Jake Shimabukuro: Gently Weeps

Jake Shimabukuro
Gently Weeps
Hitchhike
2006-09-19

In 2005, Jake Shimabukuro released Dragon, an up-tempo affair that captured the imagination with its colorful original songs and swirling ukulele playing. Just a year later, Shimabukuro returns with his first solo ukulele contribution, Gently Weeps. The album proper was inspired by his recent tour, mixing original works with some well-known covers. The first 12 tracks of Gently Weeps offer an amazing illustration of how different the ukulele sounds when it stands alone. Taking his cue from the response to his solo shows, Shimabukuro offers up a very vulnerable side of himself.

First, the covers: The disc opens with and takes its name from George Harrison’s “While My Guitar Gently Weeps”. In Shimabukuro’s hands, this Quiet Beatle composition takes on a properly soothing air. The finger-picking is meticulous and layered on Franz Schubert’s “Ave Maria”. It’s easy to loose yourself in the depth of the piece, and if you can pull yourself out of the relaxed state Shimabukuro puts you in, you’ll be reaching for the liner notes to confirm that it really is just one man and a ukulele creating such a rich expression.

It’s on Chick Corea’s “Spain” and “The Star-Spangled Banner” that Shimabukuro ends up doing what he does best, challenging conventional ideas about his chosen instrument. Pushing into a jazz vernacular, “Spain” finds Shimabukuro stretching the imagination and boundaries of the ukulele. Having been hailed as the “next Jimi Hendrix” by countless critics, it seems inevitable that he would tackle the American national anthem — and with similarly dizzying effects as Hendrix. This two-minute rendition is a beautiful sequel to Hendrix’s version, deftly testing the original work while remaining steadfastly reverential to it.

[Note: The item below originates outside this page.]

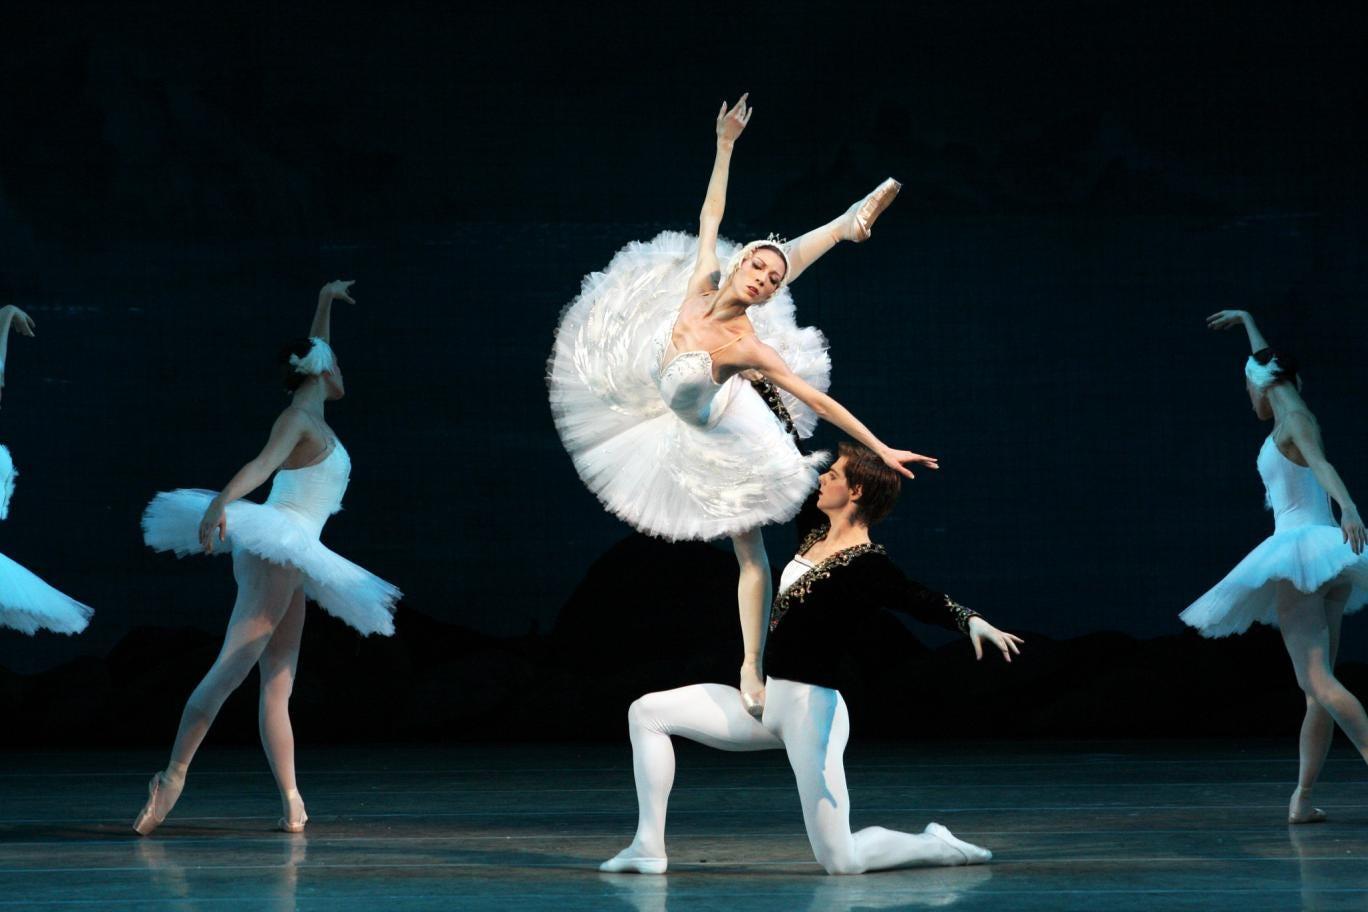 The Mariinsky Ballet perform Swan Lake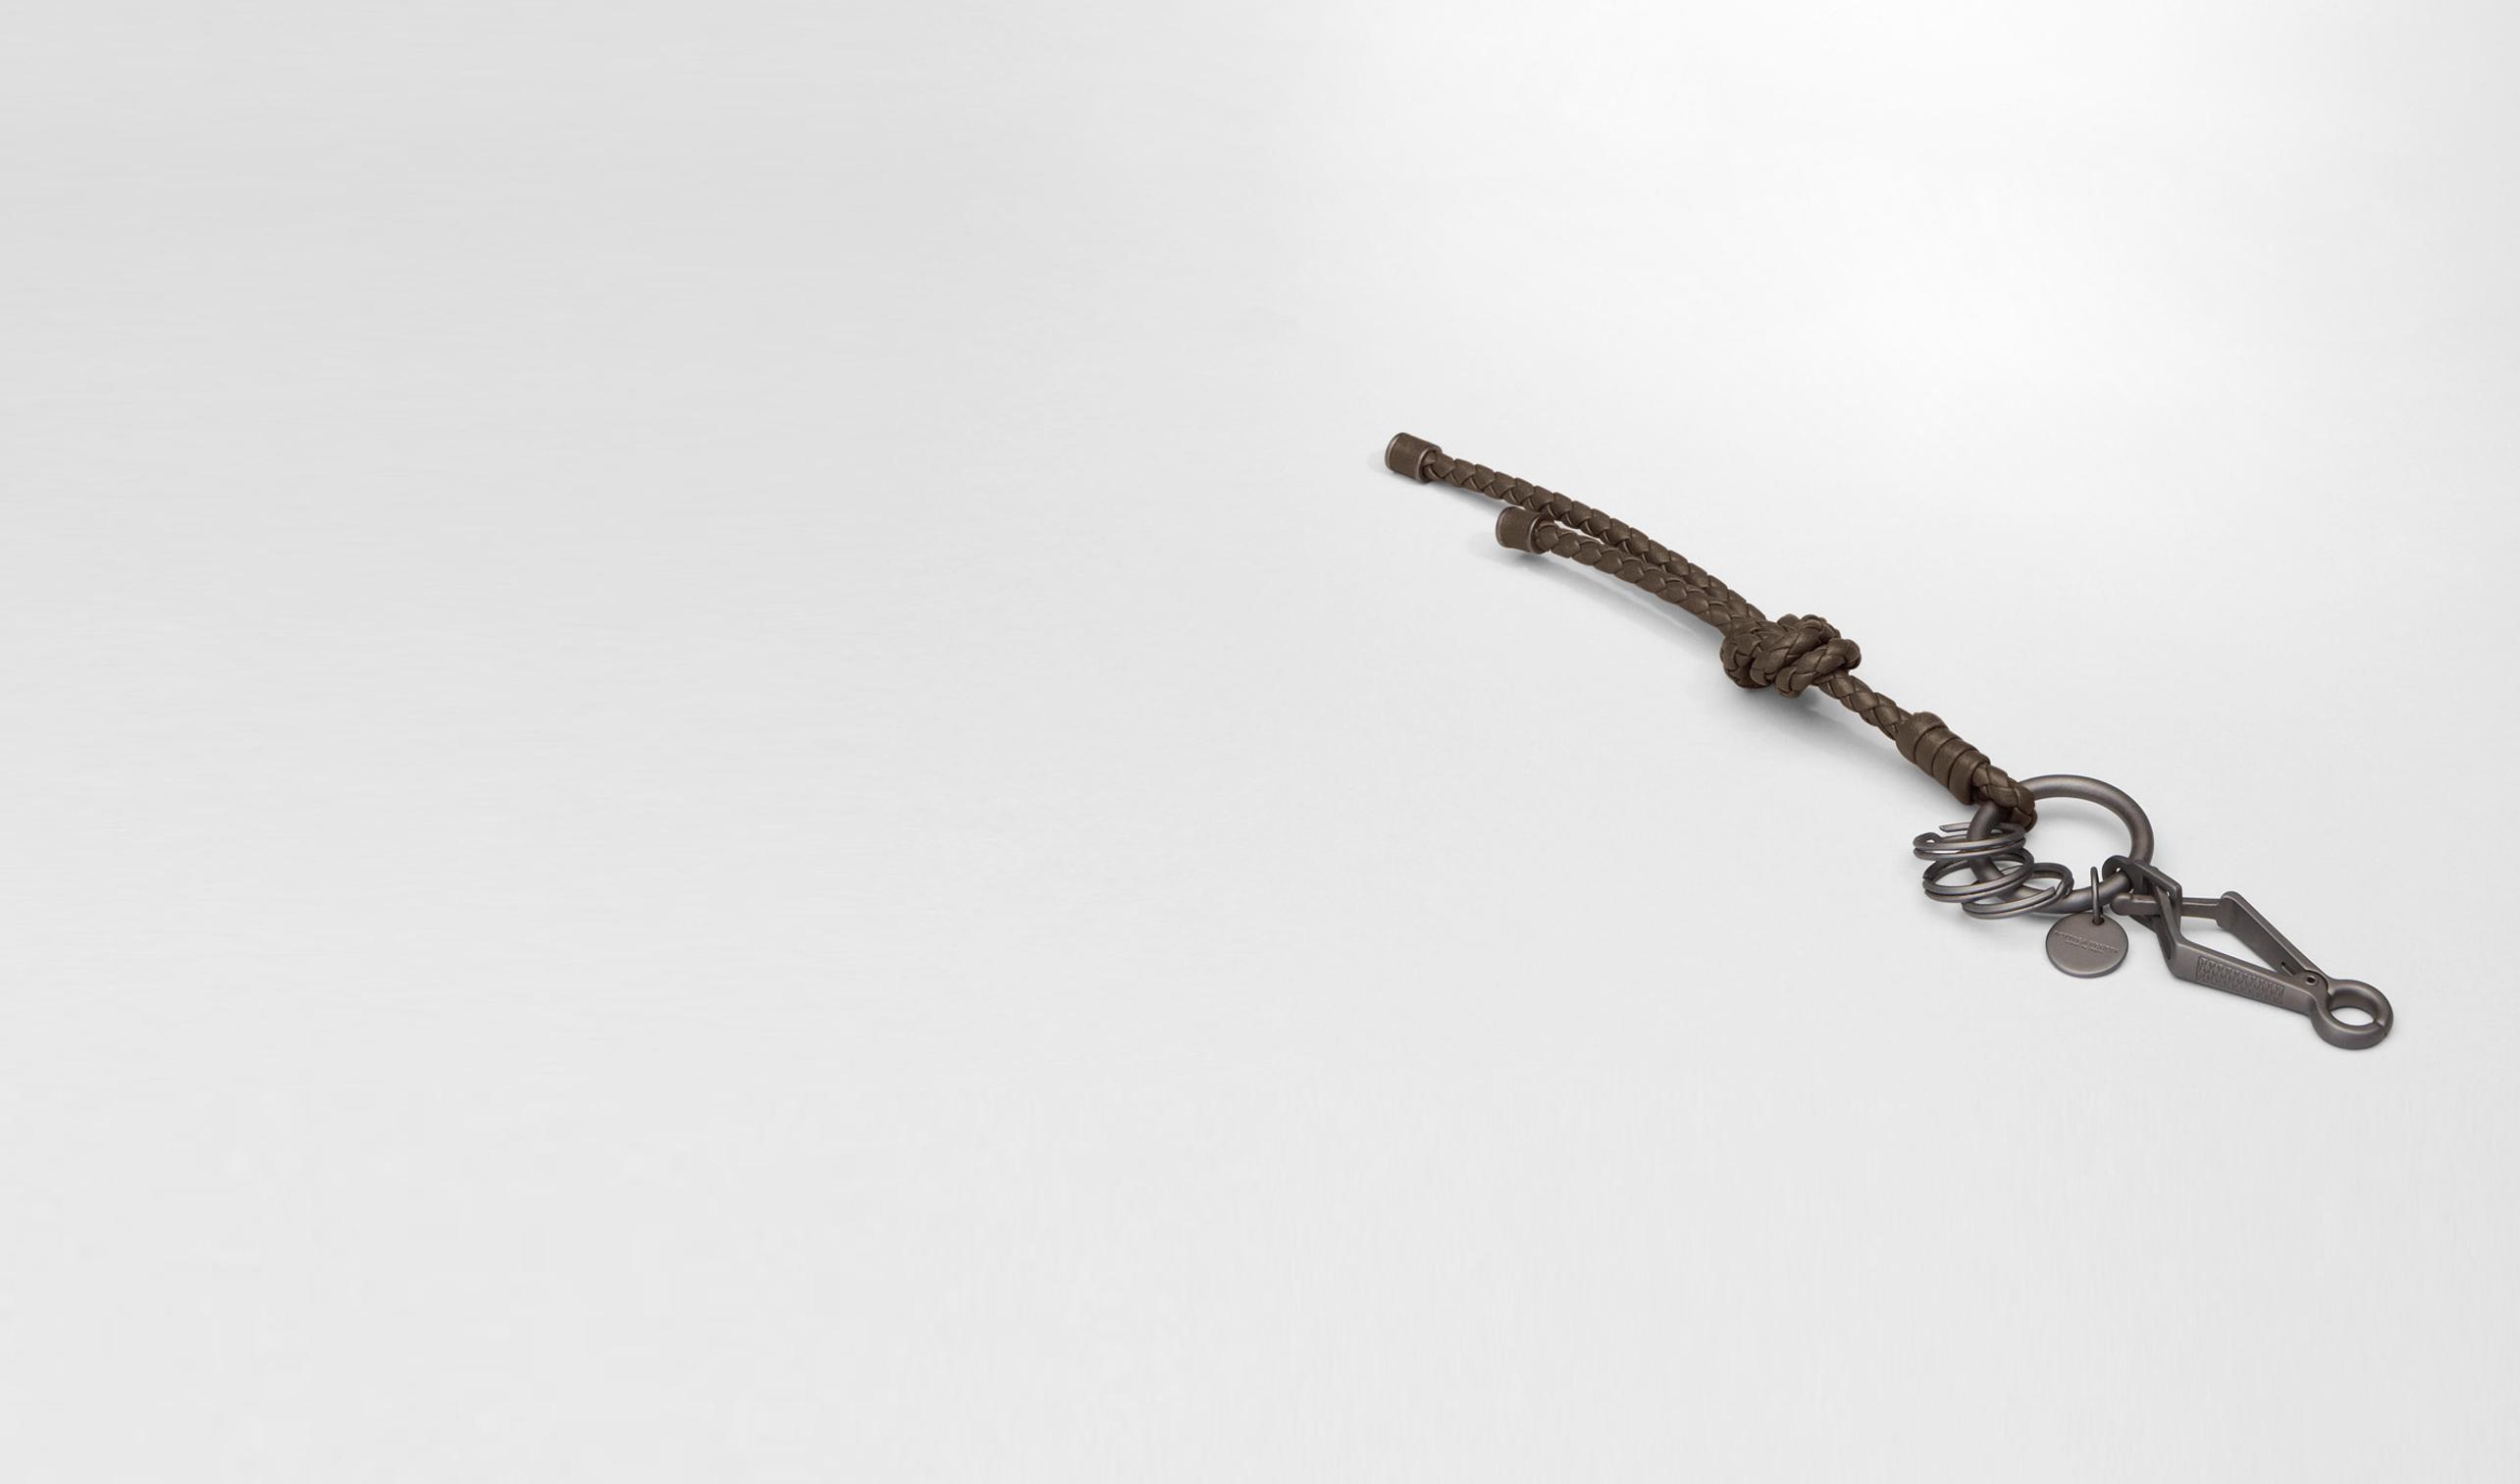 BOTTEGA VENETA Keyring or Bracelets E Edoardo Intrecciato Nappa Key Ring pl

Shimabukuro’s personal compositions, though, are somewhat hit or miss in this solo setting. Tracks like “Heartbeat/Dragon” and “Let’s Dance” (which, like many of the songs here, appear elsewhere in Shimabukuro’s catalog) don’t lose any of their spunk. On the other hand, “Blue Roses Falling” and “Grandma’s Groove”, while technically sound, feel somewhat slighted in their stand-alone format.

The first two of five bonus tracks (all of which employ a full band behind Shimabukuro) are unremarkable, but in the same orbit as the solo work. The three tracks that finish out the disc take the listener completely out of the proper album’s experience. The songs are beautifully rendered from soundtracks Shimabukuro has worked on — two tracks from the movie Hula Girl sandwich one from the TV show Beyond the Break. The eponymous Beyond the Break number, for all intents and purposes, sounds exactly like the rockified television soundtrack it is: electric guitar fuzz and rote drumwork behind furious ukulele picking — all trading the lead throughout. The two movie soundtrack pieces are beautifully crafted. “Wish on My Star” even adds an element to Shimabukuro’s work I had not heard before: vocals. Jennifer Perri’s voice complements the Udai Shika String Quartet and Shimabukuro’s sweet strumming.

The album serves as a greatest hits of sorts for Shimabukuro, as the majority of the songs presented here have been previously recorded and released. I understand what he is trying to accomplish — continually pushing the limits of what his four-string, two-octave instrument is capable of — and from a technical standpoint it’s hard to not stand slack-jawed at what he’s doing. But while the spirit of Hawaii certainly promotes a laid-back state of mind, the songs recast on Gently Weeps in solo ukulele form sometimes veer too far into easy listening territory.